Jaron Lanier is well known among developers as the co-inventor of "virtual reality," a term he coined in the 1980s. Renowned as a composer, musician, and artist, he has taught at many university computer science departments around the country, including Yale, Dartmouth, Columbia and Penn. He recently served as the lead scientist for the National Tele-Immersion Initiative, which is devoted, among other things, to using computers to enable people in different cities to experience the illusion that they are in the same room at the same time.

In this, the second part of a two-part interview, we asked him to talk about virtual reality, tele-immersion, and JavaTM technology.

question You are known for claiming that virtual reality (which you are credited with naming) would eventually enhance our lives. How's it going?

answer About ten years ago, I predicted that virtual reality would be accessible to consumers by about 2010. I still think that's true. Virtual reality is a somewhat broad idea, and the definition isn't fixed. It means different things to different people. As used in industrial technology, there's no question that virtual reality has already been a success. You can't buy a car today that wasn't designed using it. And you can't put gas in that car that wasn't made out of oil that was discovered using virtual reality through an oil field simulation. Most new drugs are made in a process assisted by virtual reality. There are many other examples.

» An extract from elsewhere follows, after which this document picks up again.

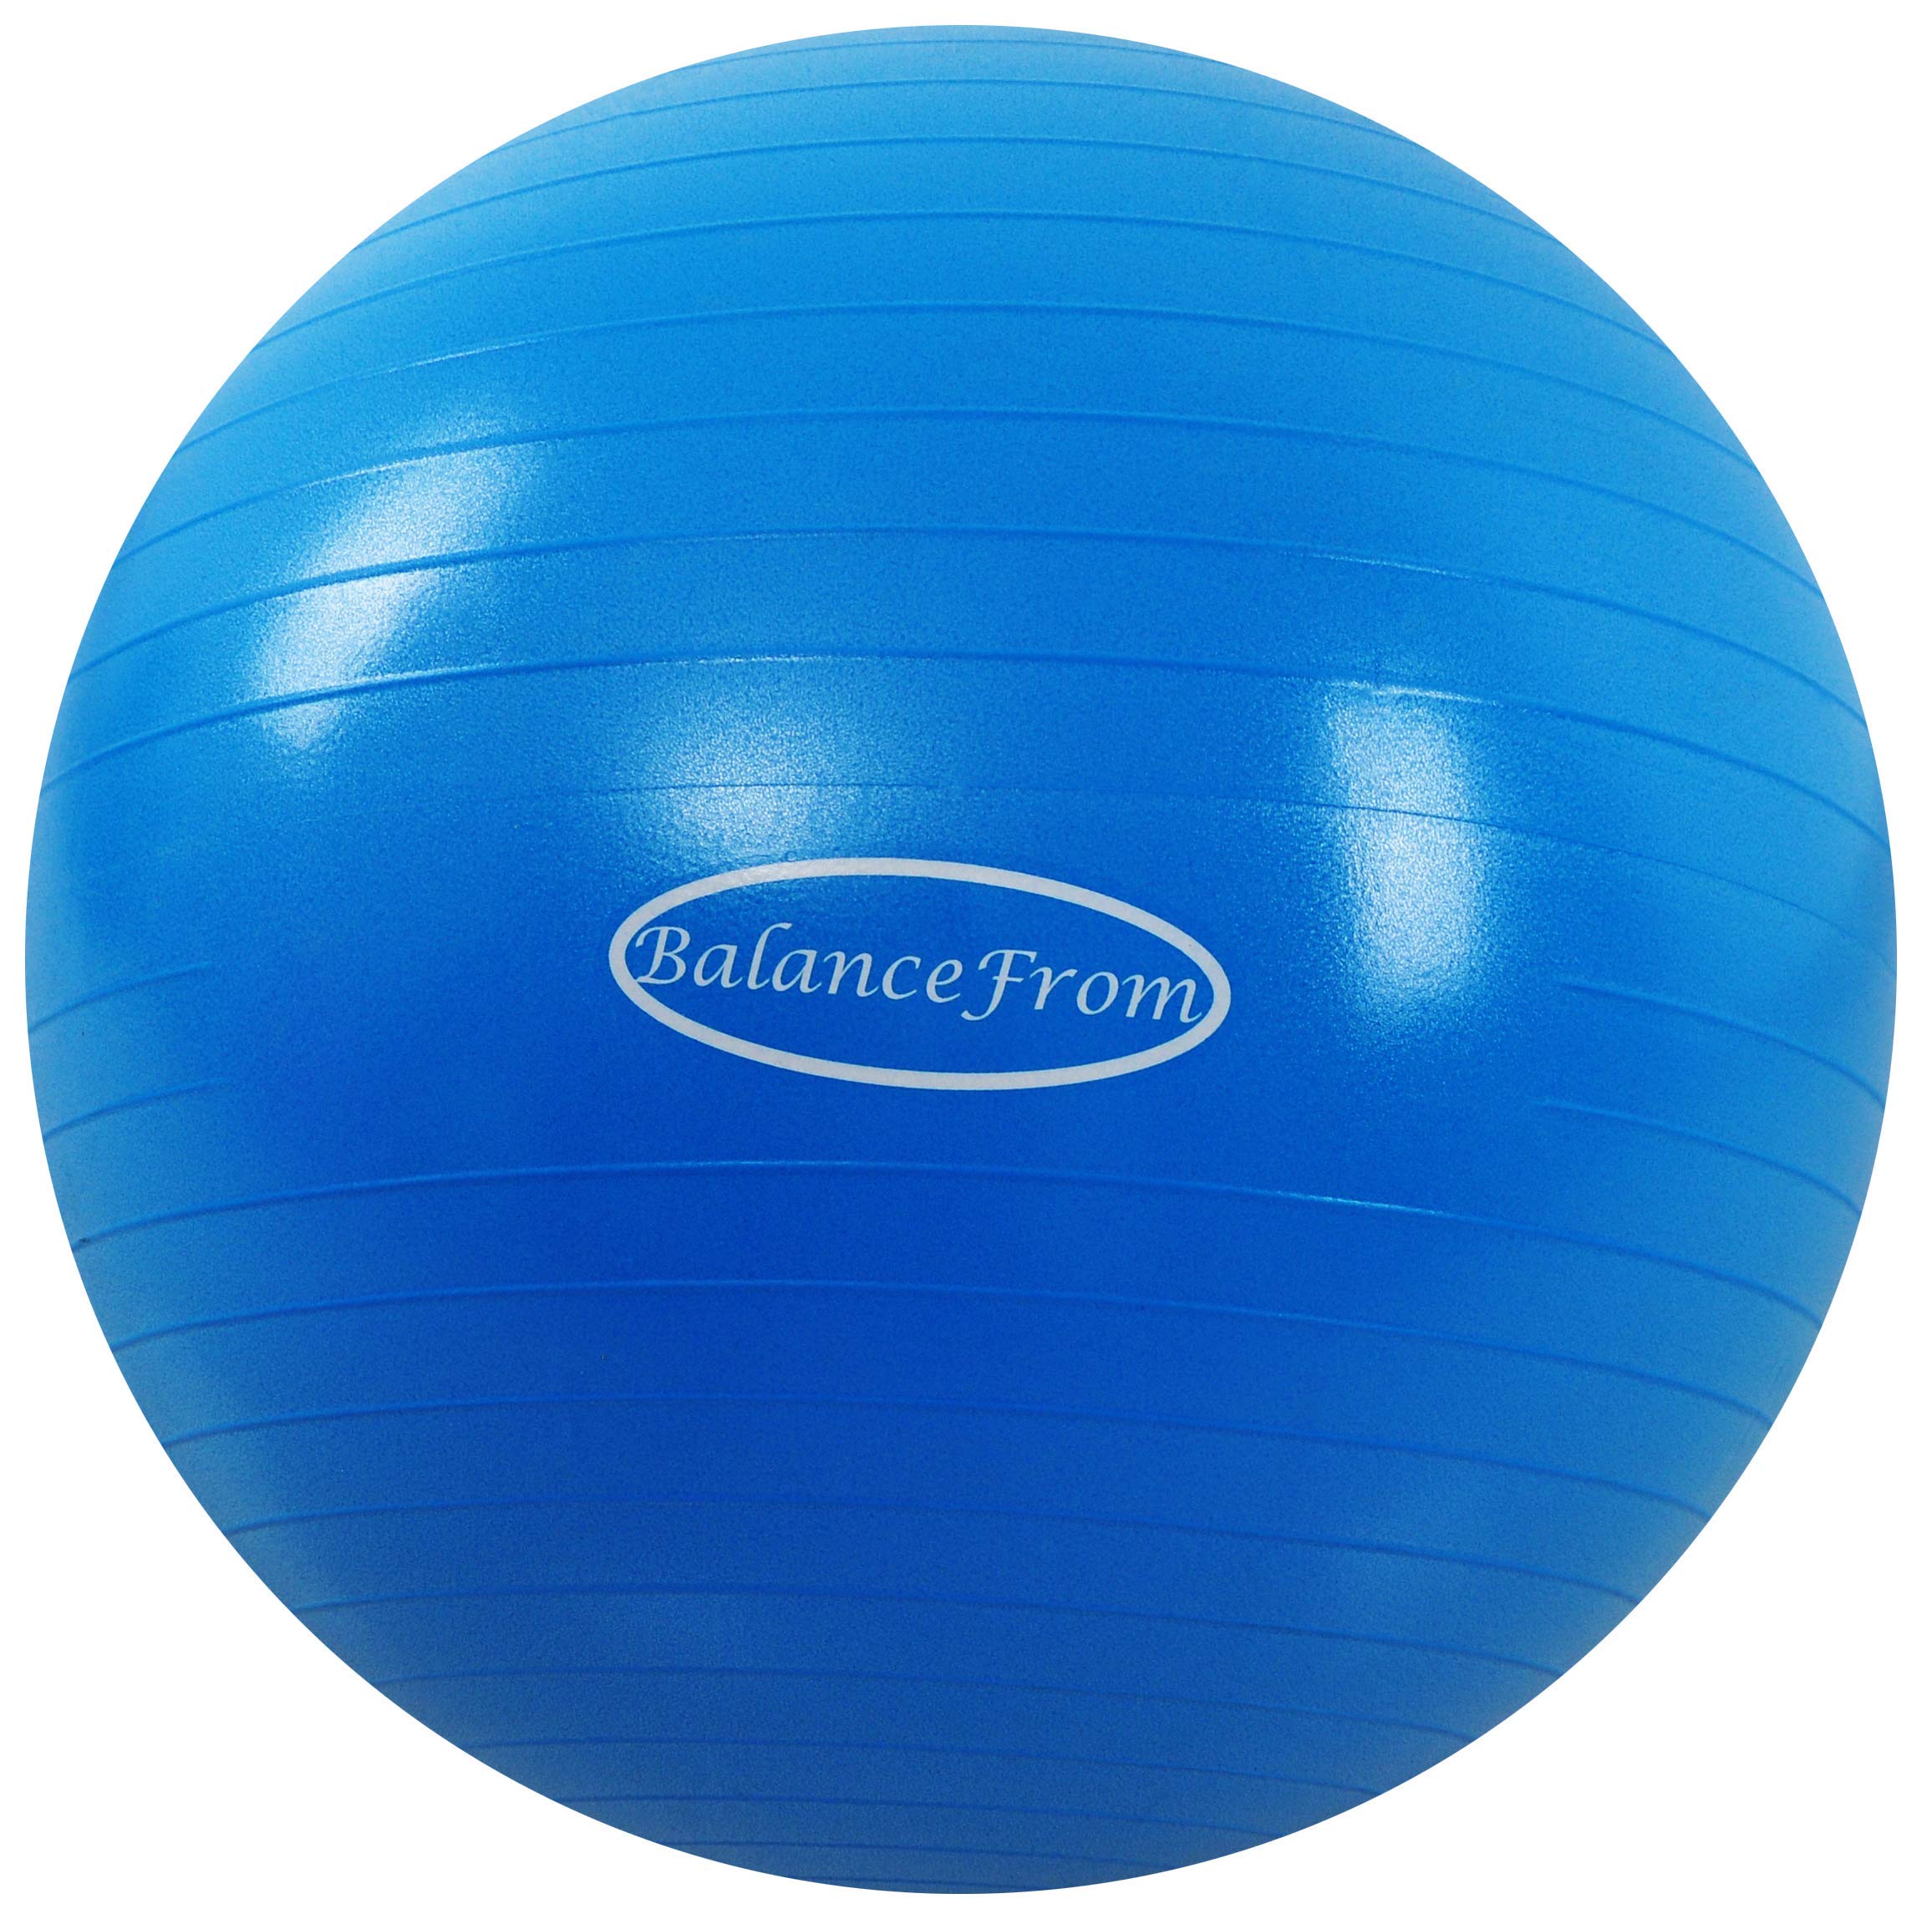 BalanceFrom Anti-Burst and Slip Resistant Exercise Ball Yoga Ball Fitness  Ball Birthing Ball with Quick Pump, 2,000-Pound Capacity Blue 26-inch, L

"What I envision is not so much a pre-programmed virtual world that you might play as a game, but rather a virtual world that you can change from the inside that people use as a form of expression in which they're creating things together."

- Virtual Reality Pioneer
Jaron Lanier

What most people are curious about, though, isn't so much these industrial uses; rather, they want to experience some new level of cultural expression that arises out of virtual worlds. And what we currently have, in this regard, is the video game world. The difference between video games and my sense of what virtual reality would be like relates only partly to the intensity of the experience. Certainly we'd like to feel like we're inside the virtual world, and that world would be more vivid and fluid and detailed -- more computationally intensive -- than what we see today on PlayStation games. But the main difference isn't any of that stuff.

The main element lacking in video games (compared to what I hope we'll see in virtual reality) is an expressive power. And so, what I envision is not so much a pre-programmed virtual world that you might play as a game, but rather a virtual world that you can change from the inside; a world that people use as a form of expression, in which they're creating things together. Just as people make up their own Web pages, they would make up little realities and visit each other's realities, or co-create them. And I think that level of activity would give rise to really, really wonderful new sorts of human relationships and experiences. I still believe in that.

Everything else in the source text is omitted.